3. Vertragsgegenstand

Gegenstand des Vertrags ist die zeitlich befristete Einräumung des Rechts, die Plattform im Rahmen des vom Kunden gewählten Tarifs (Solo, Team, Scale oder Reseller) zu nutzen. Konkret umfasst dies:

  • Bereitstellung der Web-Anwendung zur Konfiguration von KI-Sprachagenten,
  • Bereitstellung einer oder mehrerer österreichischer/internationaler Rufnummern,
  • Bereitstellung der Sprach-Infrastruktur (Telefonie, Sprachsynthese, Spracherkennung),
  • Speicherung von Anrufprotokollen, Transkripten und — sofern vom Kunden aktiviert — Audio-Aufzeichnungen,
  • Bereitstellung von Schnittstellen (Webhook, REST-API, E-Mail-Benachrichtigungen).

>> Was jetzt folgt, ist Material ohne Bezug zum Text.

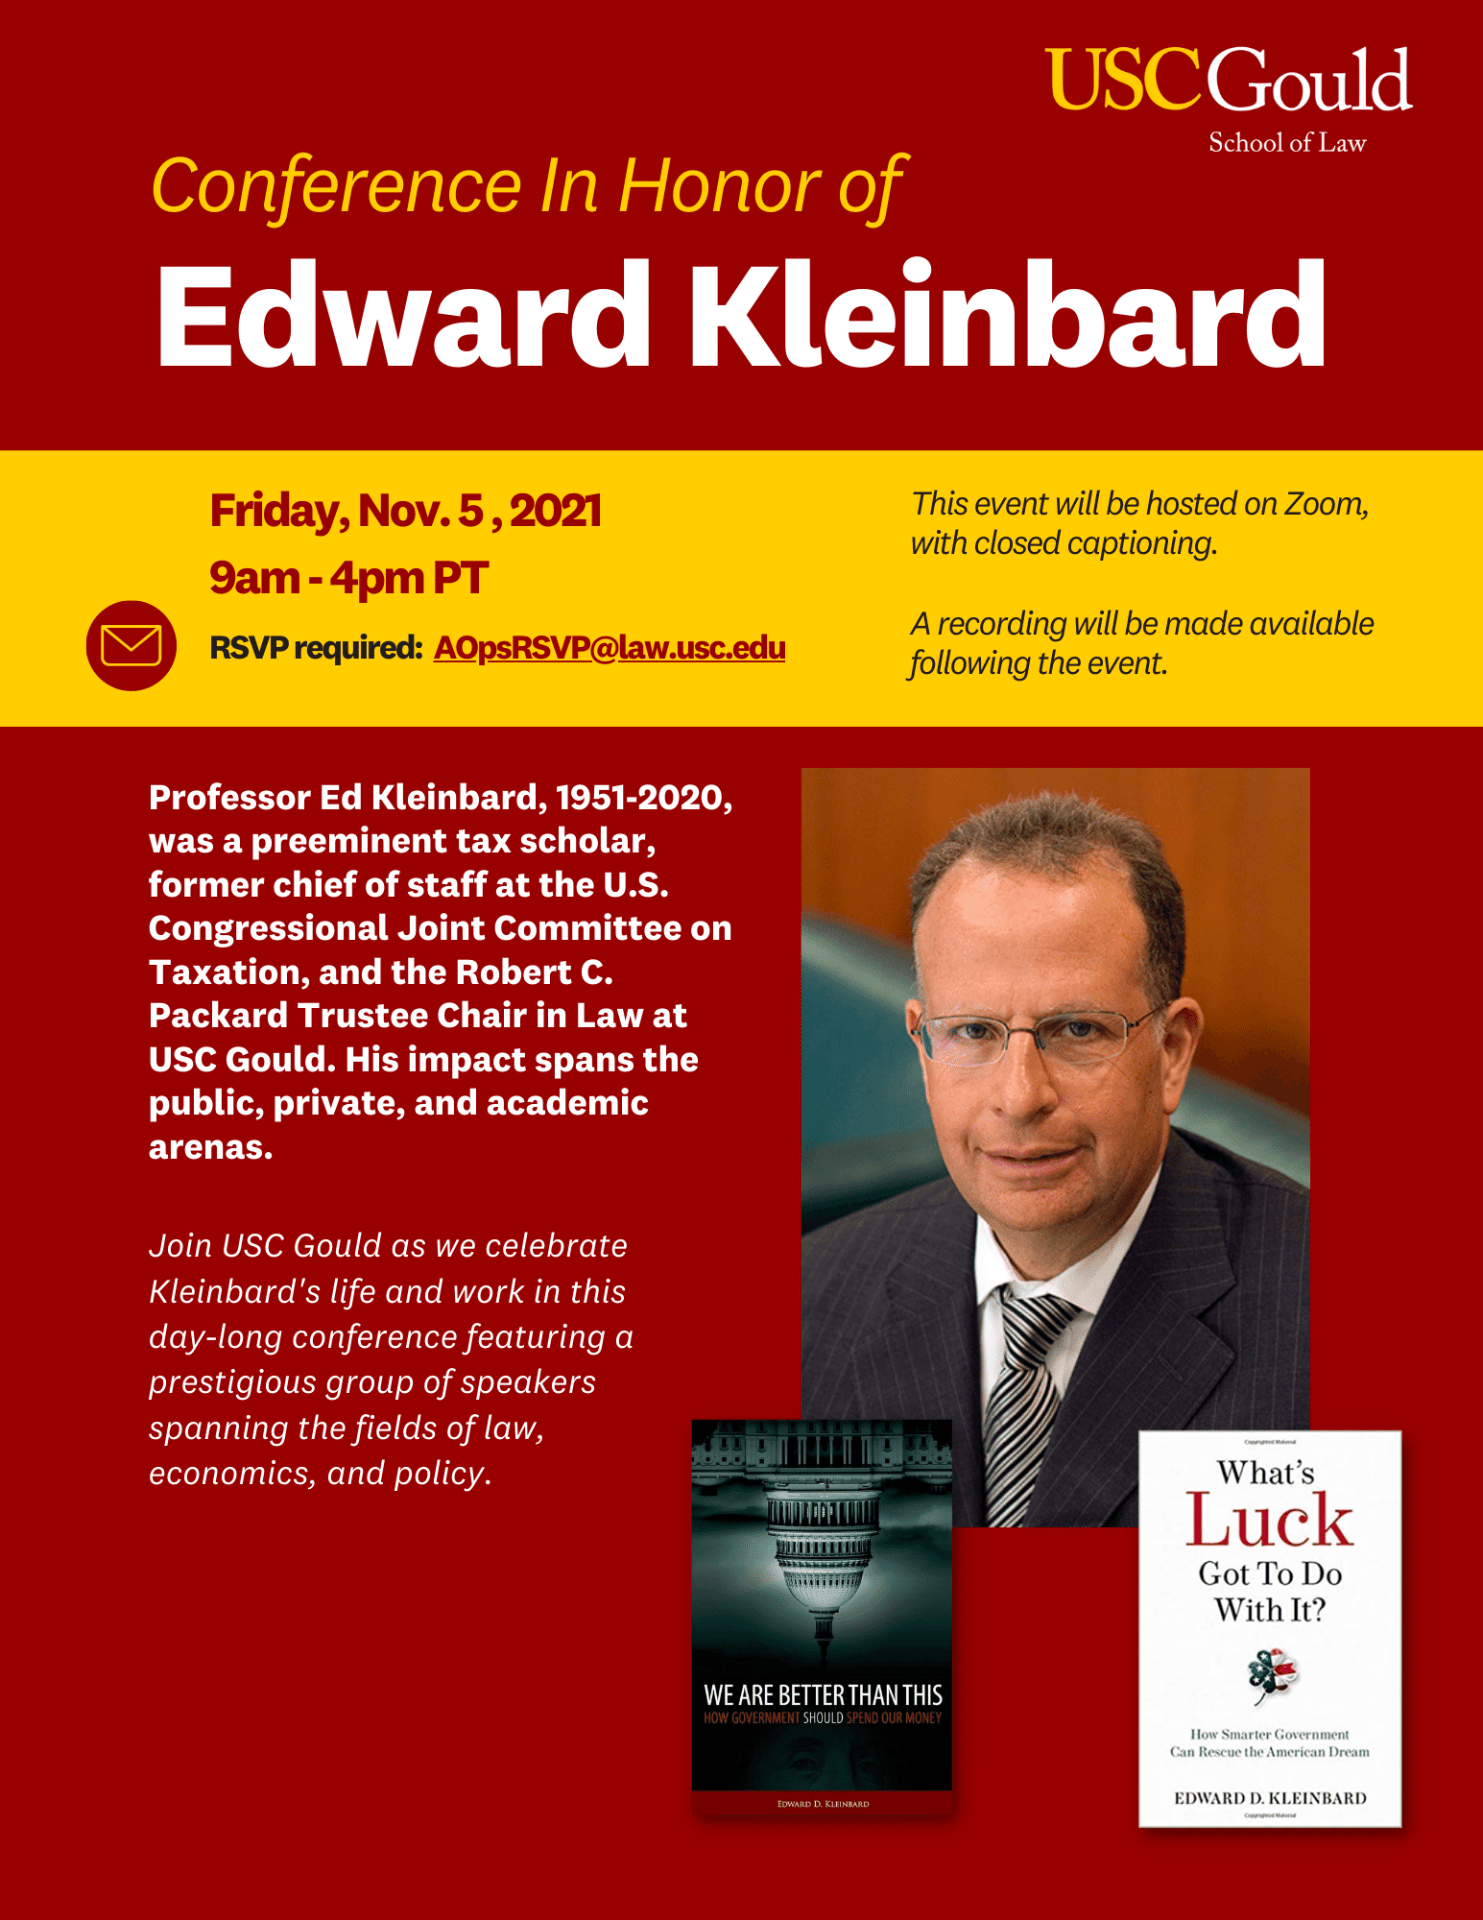 Flyer about Conference in Honor of Edward Kleinbard

Der konkrete Leistungsumfang ergibt sich aus dem im Bestellprozess gewählten Tarif sowie aus der jeweils aktuellen Leistungsbeschreibung auf telaro.ai/preise.

4. Vertragsabschluss

Die Darstellung der Plattform und Tarife auf der Website stellt kein bindendes Angebot dar, sondern eine Aufforderung zur Bestellung. Der Vertrag kommt zustande, indem der Kunde einen Tarif im Self-Service-Portal auswählt, die Bestellung über den Zahlungs-Dienstleister Stripe abschließt und der Anbieter den Zugang zur Plattform freischaltet — im Regelfall unmittelbar nach Zahlungseingang.

Mit Abschluss der Bestellung bestätigt der Kunde, diese AGB sowie die Datenschutzerklärung gelesen und akzeptiert zu haben.

5. Leistungen, Verfügbarkeit und Wartung

  • Verfügbarkeit: Der Anbieter strebt eine Verfügbarkeit der Plattform von 99,5 % im Monatsmittel an, gemessen am Hauptzugang über telaro.ai. Ausgenommen sind angekündigte Wartungsfenster sowie Ausfälle, die auf höhere Gewalt oder das Versagen von Drittanbietern (siehe Abschnitt 11) zurückzuführen sind.
  • Antwortlatenz: Wir orientieren uns an einer durchschnittlichen Sprach-Roundtrip-Latenz von <500 ms. Eine darüber hinausgehende Echtzeit-Garantie kann technisch nicht gegeben werden.
  • Wartungsfenster: Geplante Wartungen werden mindestens 24 Stunden vorab per E-Mail oder im Dashboard angekündigt und bevorzugt in den Nachtstunden (MEZ) durchgeführt.
  • Weiterentwicklung: Der Anbieter ist berechtigt, die Plattform fortzuentwickeln, Funktionen zu ergänzen oder anzupassen, solange der vertragsmäßig geschuldete Leistungsumfang dadurch nicht wesentlich eingeschränkt wird.

6. Preise und Zahlung

Sämtliche auf der Website angegebenen Preise verstehen sich, sofern nicht anders ausgewiesen, in Euro netto zzgl. der jeweils geltenden Umsatzsteuer.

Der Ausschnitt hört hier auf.